Environment variables

Variable Default Description
SDCPP_IDLE_TIMEOUT 5m CPU idle timeout before auto-unload
SDCPP_CUDA_IDLE_TIMEOUT 5m CUDA idle timeout before auto-unload
SDCPP_MEM_LIMIT 12g CPU container memory limit
SDCPP_MEMSWAP_LIMIT 24g CPU container memory + swap limit
SDCPP_CPUS 4.0 CPU container CPU limit
SDCPP_CUDA_MEM_LIMIT 12g CUDA container memory limit
SDCPP_CUDA_MEMSWAP_LIMIT 24g CUDA container memory + swap limit
SDCPP_CUDA_CPUS 4.0 CUDA container CPU limit
SDCPP_LOAD_TIMEOUT / SDCPP_CUDA_LOAD_TIMEOUT 10m Max time to wait for model load
SDCPP_VERBOSE / SDCPP_CUDA_VERBOSE false Debug logging
SDCPP_LOG_LEVEL / SDCPP_CUDA_LOG_LEVEL info Log level

talkies — Unified OpenAI-compatible speech (optional, TALKIES=1 or TALKIES_CUDA=1)
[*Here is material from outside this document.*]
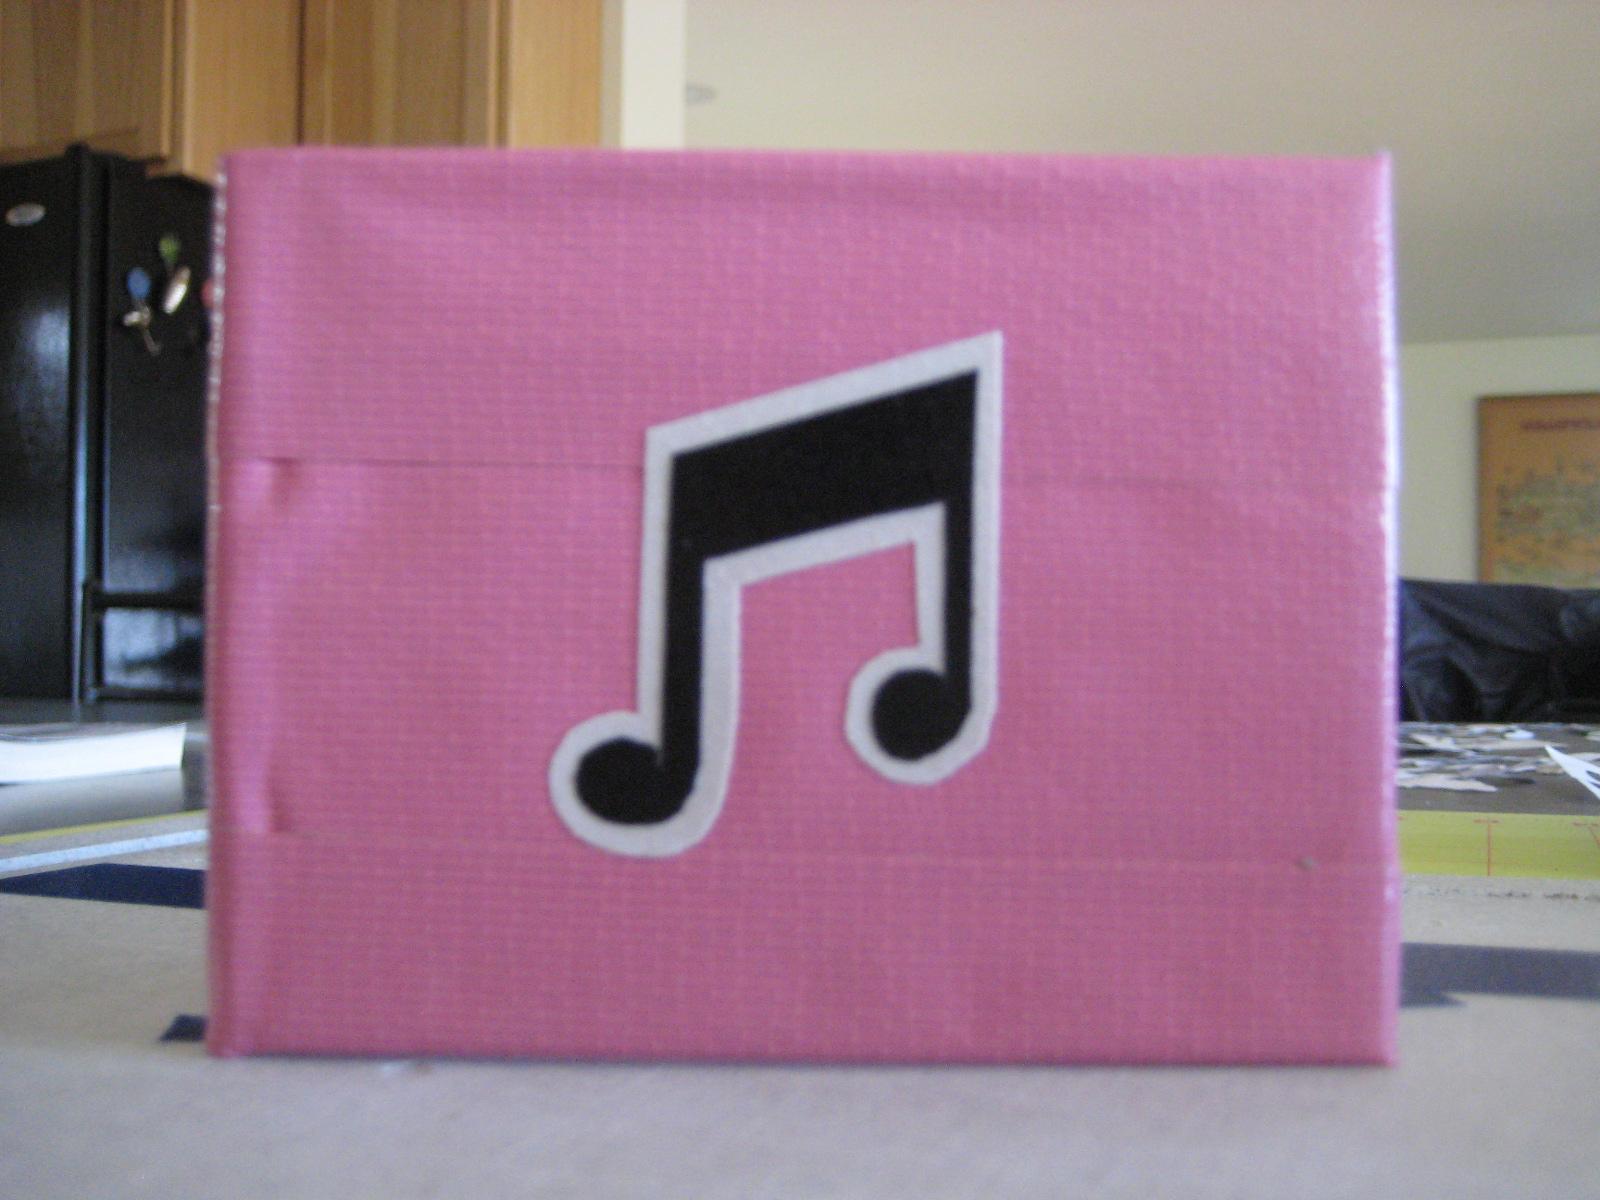 http://1.bp.blogspot.com/-X92vwaDwGiU/T38h4h4w7EI/AAAAAAAADoo/Tvuj_4VFj9k/s1600/music-notes-duct-tape-wallet.JPG

External image: psyb0t/talkies (pinned to v0.4.0 / v0.4.0-cuda). One container, both endpoints: POST /v1/audio/transcriptions (whisper + canary + parakeet) and POST /v1/audio/speech (Kokoro-82M TTS, plus Qwen3-TTS voice cloning on CUDA). CPU image ships the four ASR models that run reasonably without a GPU (three Whisper variants + canary-180m-flash) plus Kokoro. CUDA image adds Parakeet-TDT, Canary-1B-Flash, Canary-Qwen-2.5B SALM, and Qwen3-TTS-0.6B (voice cloning, 17 languages) on top. Kokoro stays CPU-bound in both images.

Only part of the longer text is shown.